Ambos os filmes giram em torno de um mesmo conflito: tradição versus


mudança. No primeiro, temos a tradição dos passos e movimentos já consolidados da
dança de salão contra a liberdade para criar e introduzir novos passos. Já no segundo, a
tradição apresenta-se nas aspirações e caminhos da vida burguesa contra uma vida livre
dos ditames do projeto burguês, que é vislumbrado por Muriel quando ela reencontra
uma amiga de colégio - Rhonda - num cruzeiro de férias. Após o cruzeiro, Rhonda
convida-a para morar com ela em Sidney, o que traz possibilidade completamente
diferentes para Muriel.
Em ambos os casos, os significantes do camp estão sempre associados à
tradição, ou seja, a algo que deve ser superado. No Vem Dançar Comigo, a
extravagância do universo da dança de salão é contrastada com a vida da família
imigrante espanhola, de cenografia e figurino discretos e atuação naturalista, tudo
filmado de maneira realista. Os próprios passos clássicos da dança flamenca entram em
choque com o caráter extravagante e espetacular da dança de salão nas competições
apresentadas. Já em Muriel, ao universo da família e amigas, se opõe a vida em Sidney,
mais uma vez de cenografia, figurinos e atuações mais naturalistas e discretas.
Vemos, assim, que o uso do camp nestes filmes não se filia às operações
propostas pelos movimentos queer de resgate de seu potencial político. Pelo contrário,
ele é utilizado como símbolo de uma tradição decadente e que impede a emergência do
novo, sempre de estilo mais descreto e “normal”.

Conclusão

Apesar de terem surgido num momento histórico que privilegiava o resgate do


camp e de seu potencial político - através dos movimentos e teoria queer - e de
utilizarem-se de formas e operações que remetem diretamente a esta sensibilidade, o
New Queer Cinema e o Cinema Camp Australiano apresentam abordagens bastante
diferentes no uso do camp.
O primeiro alinha-se mais aos fundamentos pós-estruturalistas da teoria queer,
organizando suas estruturas através do entrelaçamento de diferentes formas narrativas,
cooptadas de fontes variadas.
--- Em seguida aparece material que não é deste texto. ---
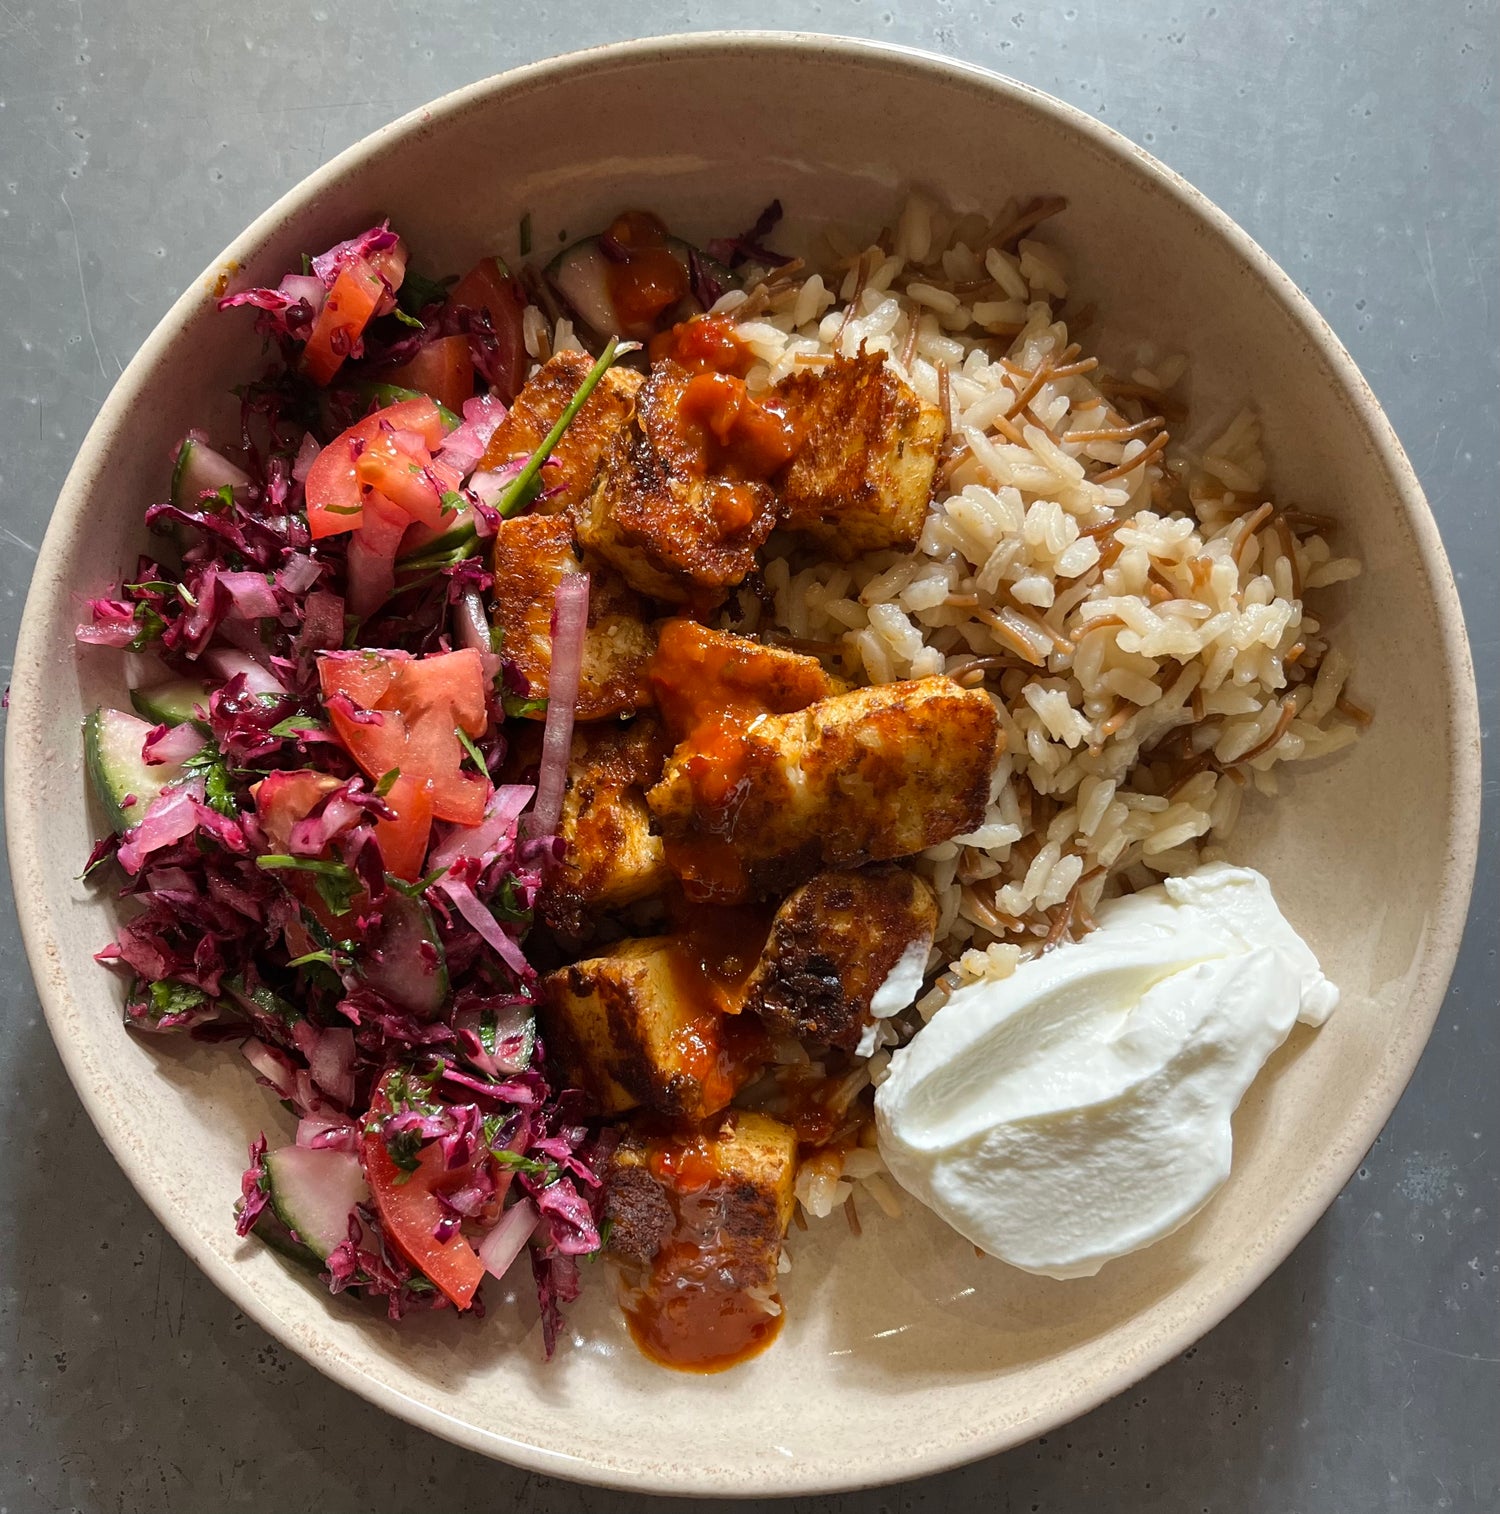 Halloumi Kebab with Fluffy Turkish Rice and Red Cabbage Salad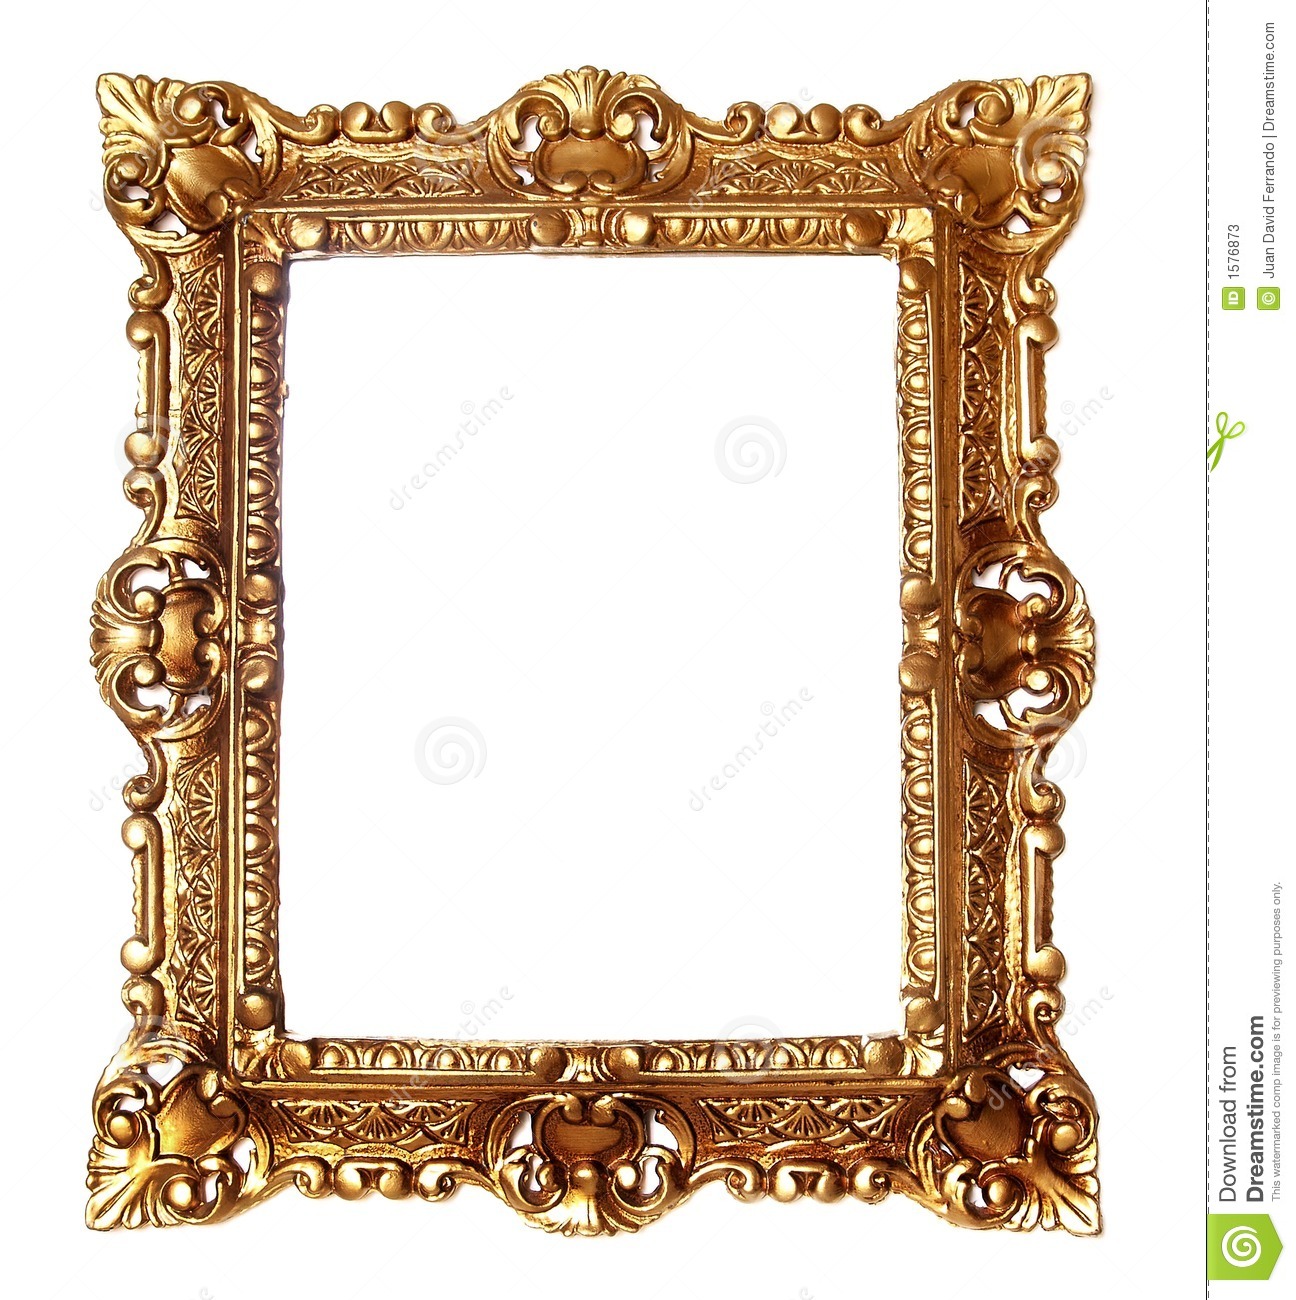 Antique Frame Clipart Gold   Clipart Panda   Free Clipart Images

A junção incongruente - ou camp - destas formas, somada
ao caráter paródico de sua reprodução e a momentos de auto-consciência narrativa,
servem para explicitar a natureza de produto culturalmente construído dos discursos dos
filmes, afastando-os da transparência da linguagem clássica do cinema. Esta operação
espelha a que a teoria queer promove com respeito às identidades sexuais e de gênero, e
seu caráter culturalmente construído.
Já o segundo utiliza-se dos significantes camp (kitsch, trash) em sua superfície -
cenografia, figurinos - cujo excesso é ressaltado pela fotografia (no caso do Vem
Dançar Comigo) e pelas atuações histriônicas. Estes significantes, porém, servem para
simbolizar uma tradição decadente e que deve ser superada, afastando-se da tentativa
queer de resgatar o potencial político do camp.